*** Opening Available data ***

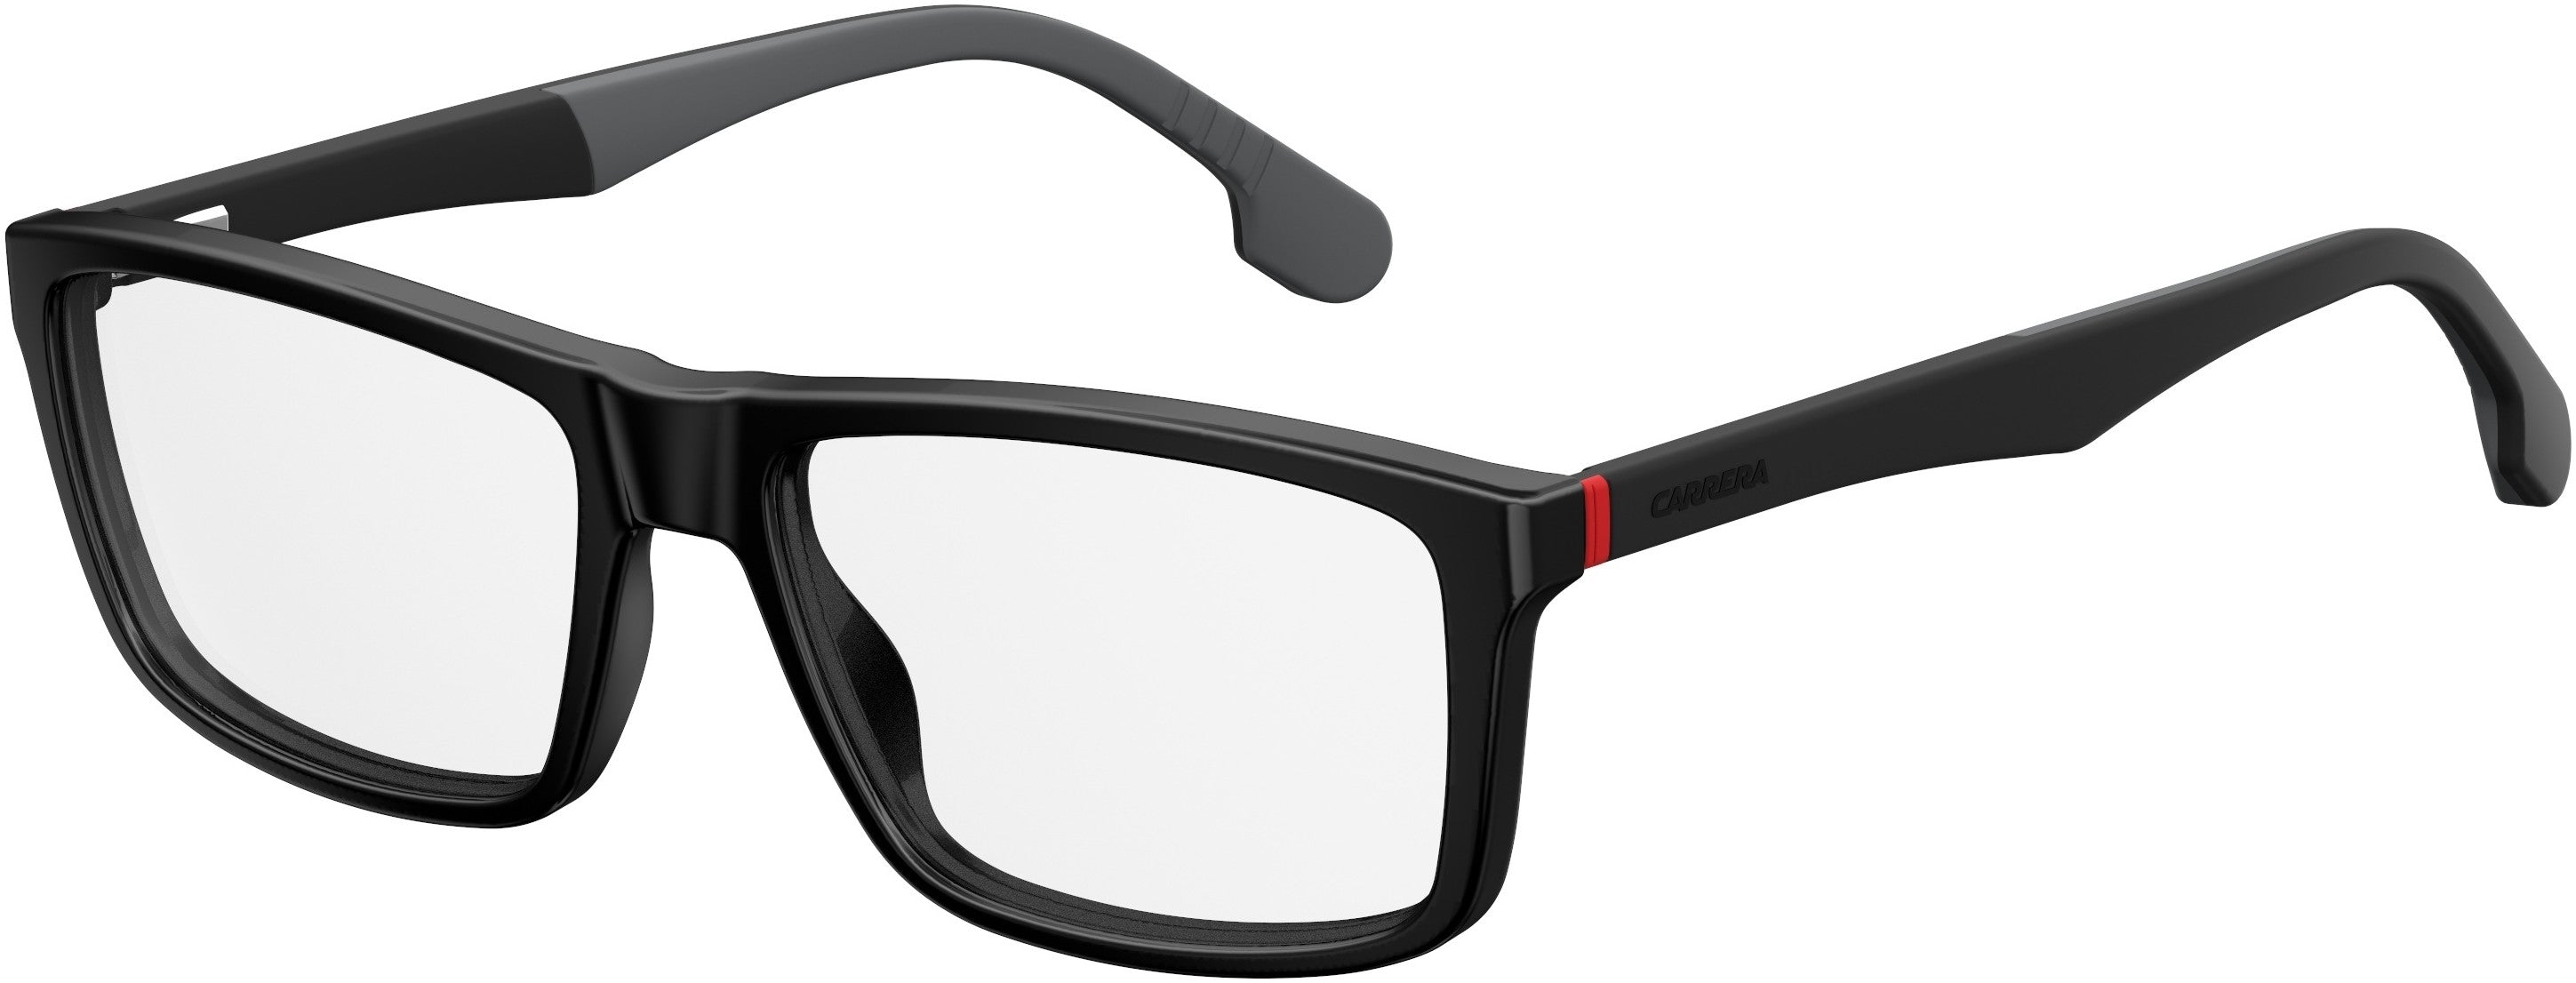  Carrera 8824/V Rectangular Eyeglasses 0807-0807  Black (00 Demo Lens)
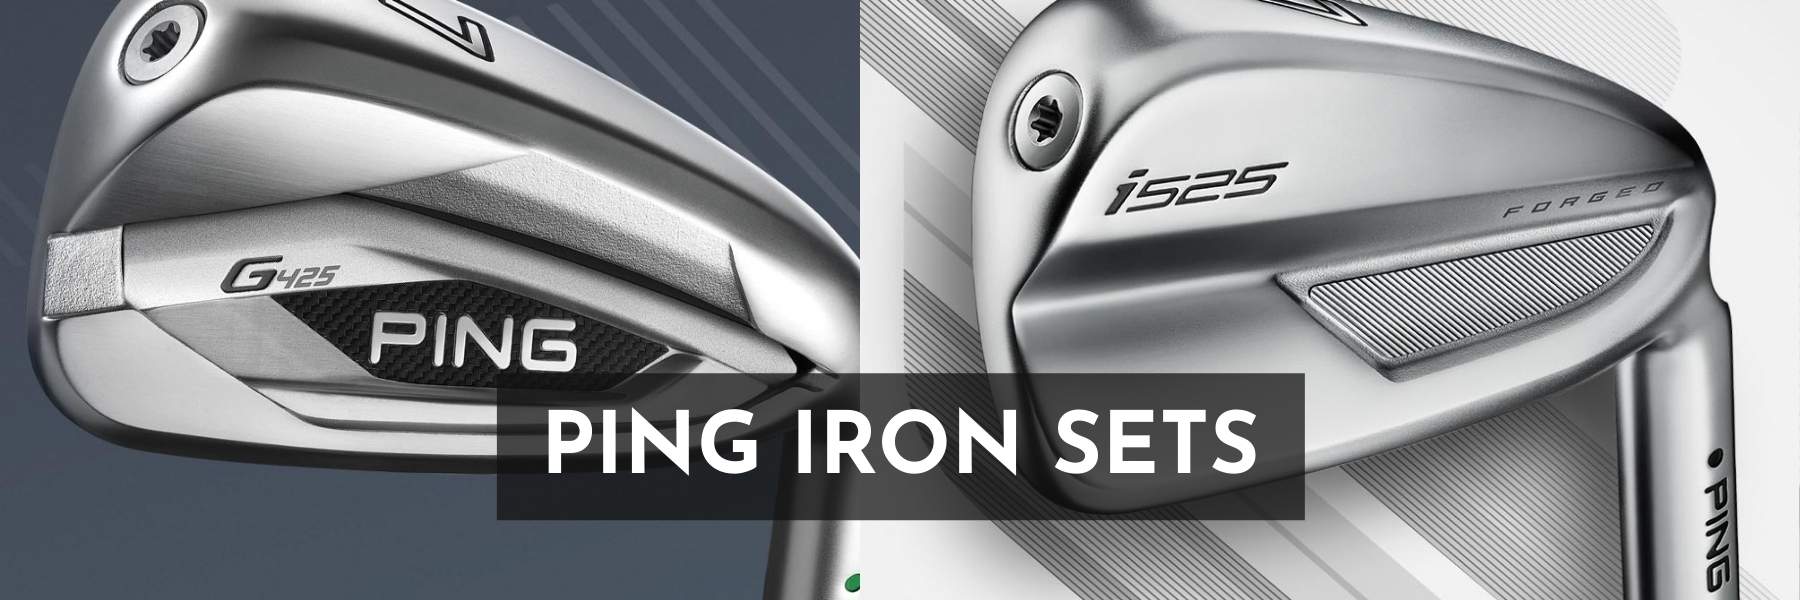 Ping Iron Sets Header
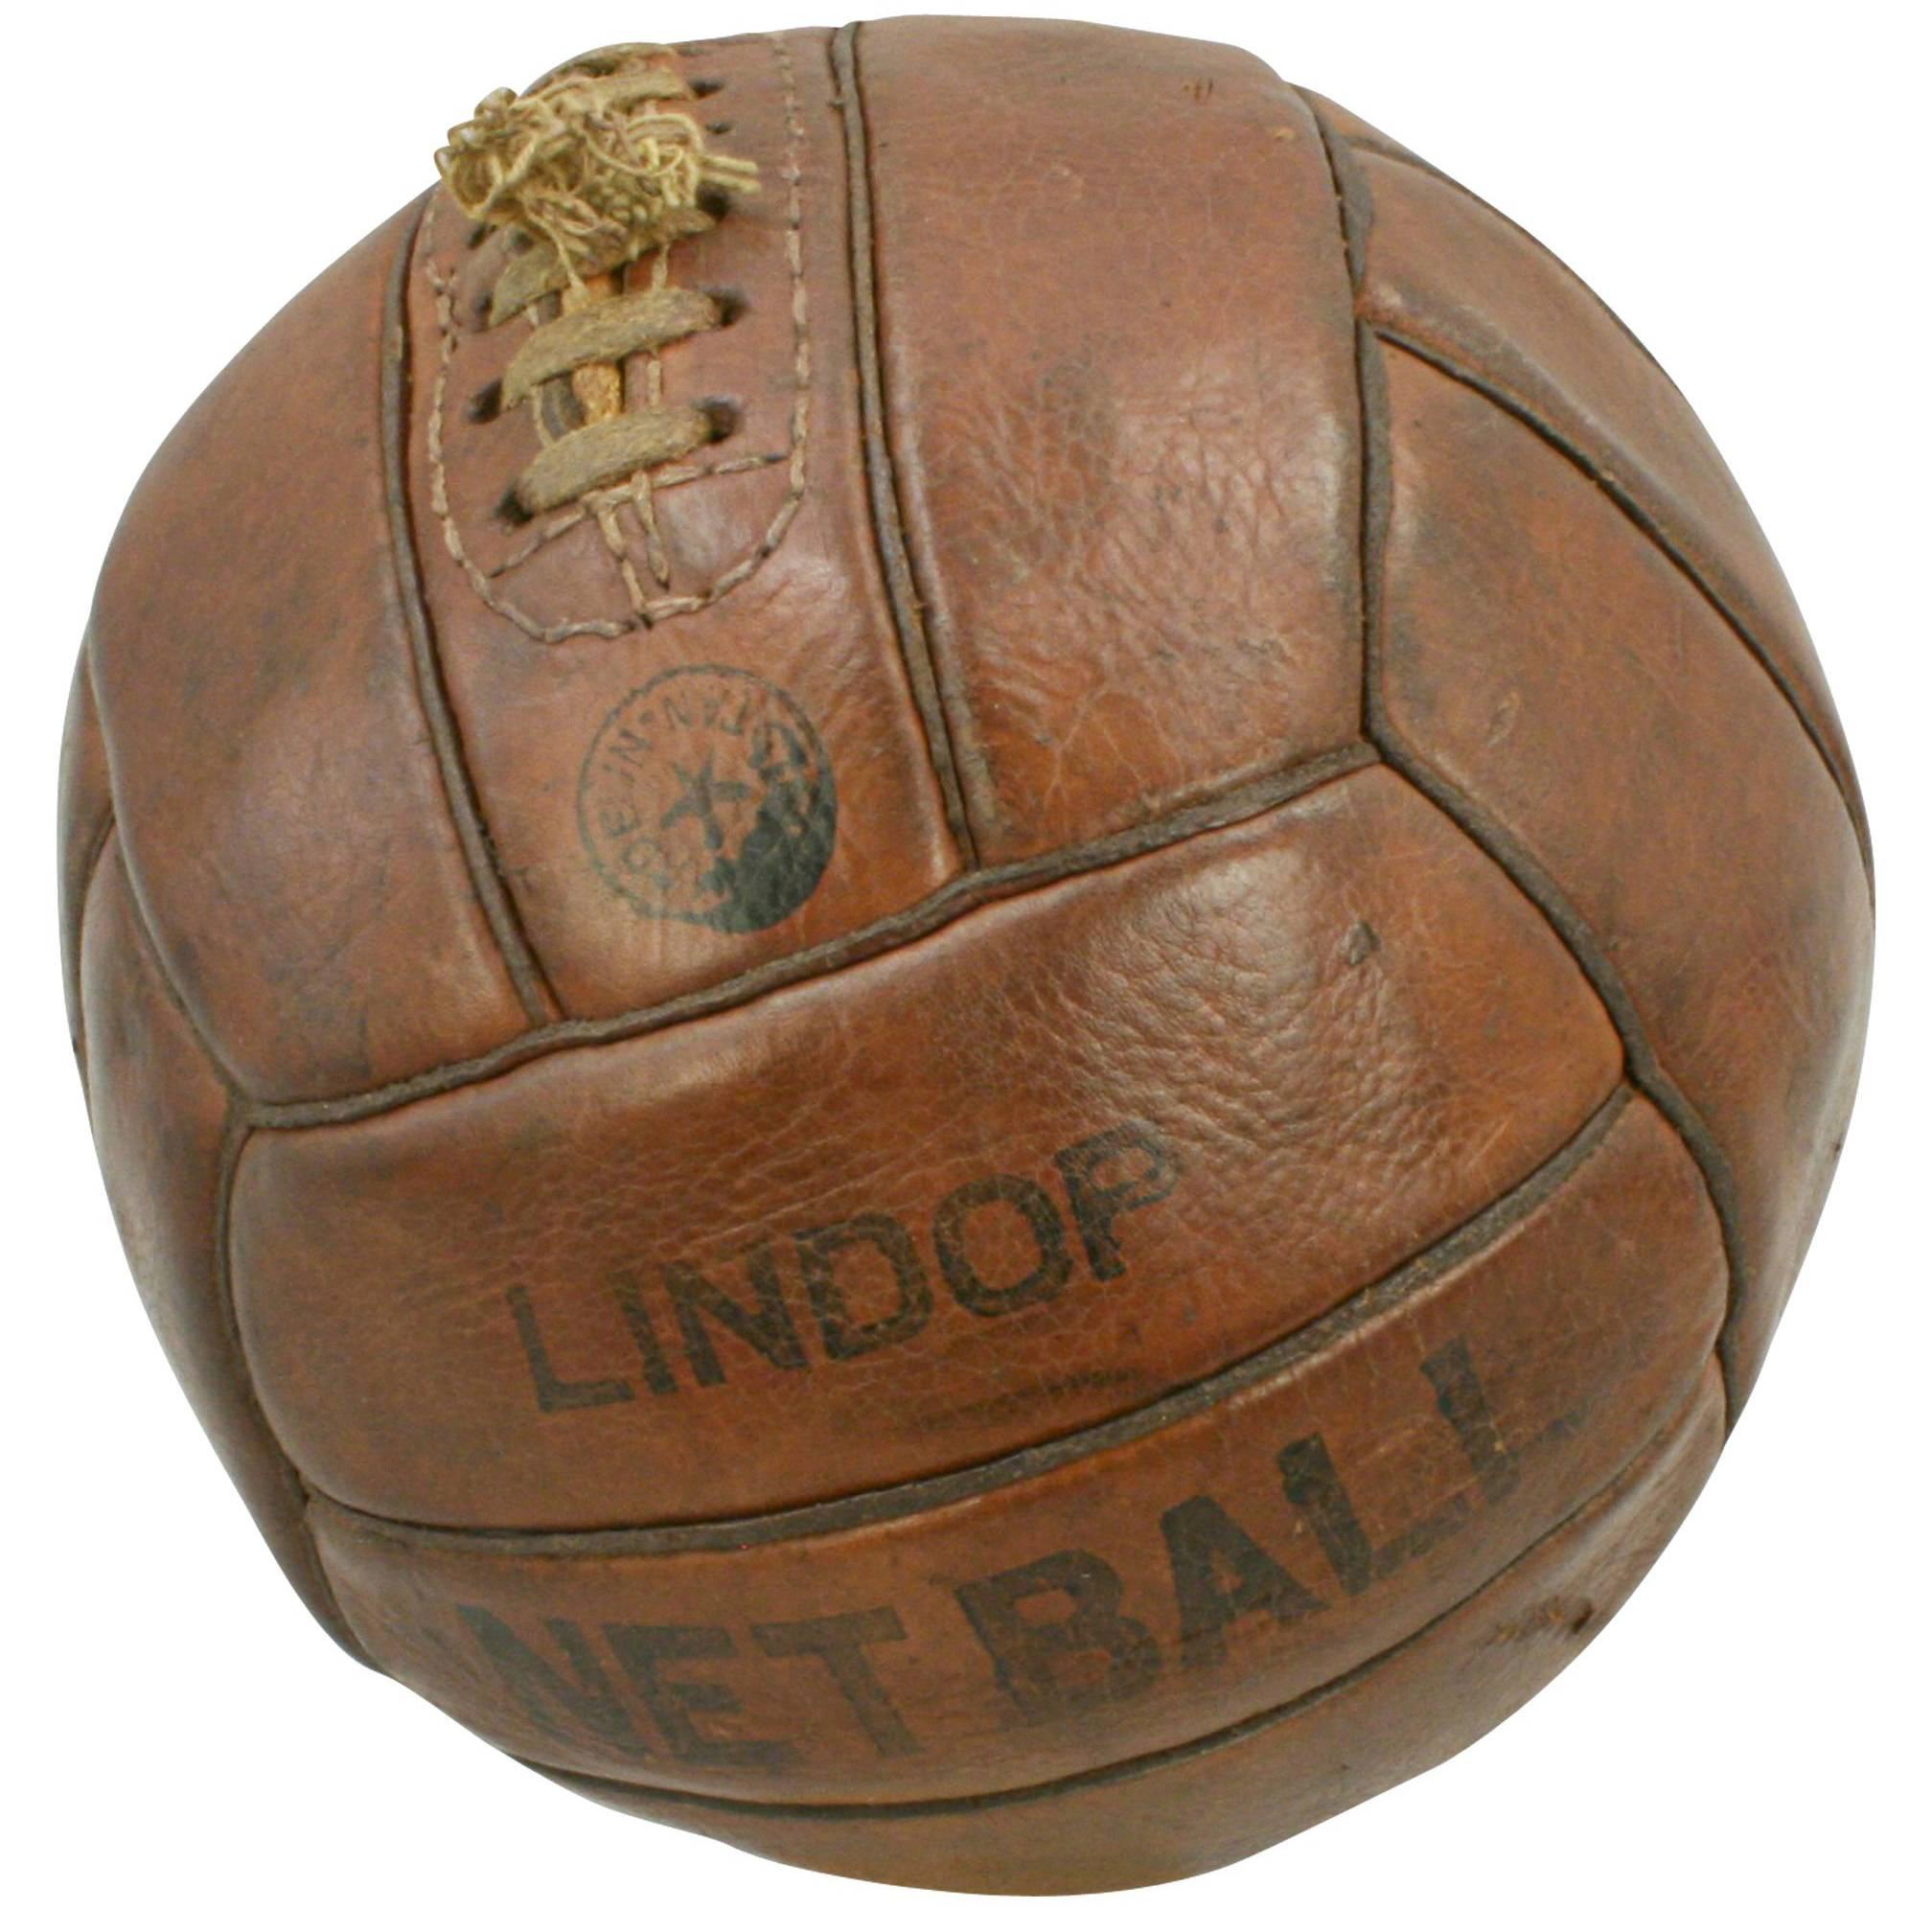 Leather Lindop Netball
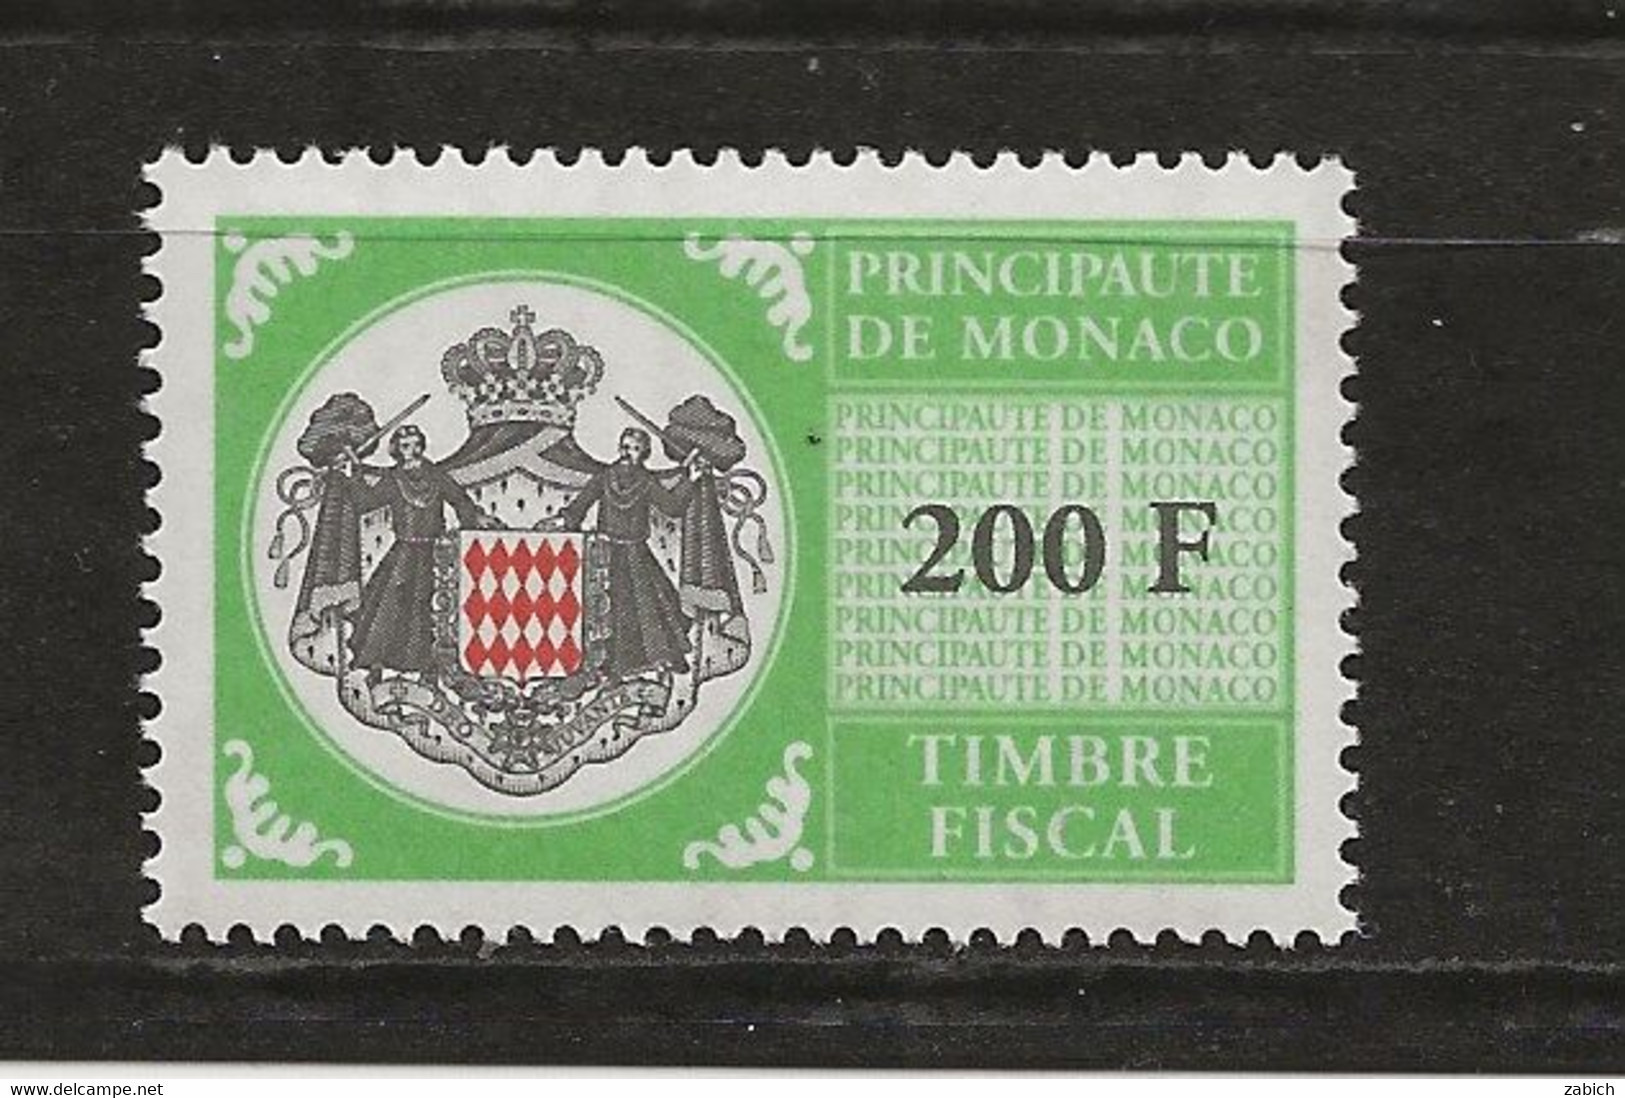 TIMBRES FISCAUX DE MONACO SERIE UNIFIEE N° 108   200F Vert Jaune (**) - Fiscaux

*** Closing Available data ***

Work request:
Pictures stay out; print everything else in the data exactly.

Response below:
  Carrera 8824/V Rectangular Eyeglasses 0807-0807  Black (00 Demo Lens)
 Ping Iron Sets Header
 Leather Lindop Netball
 TIMBRES FISCAUX DE MONACO SERIE UNIFIEE N° 108   200F Vert Jaune (**) - Fiscaux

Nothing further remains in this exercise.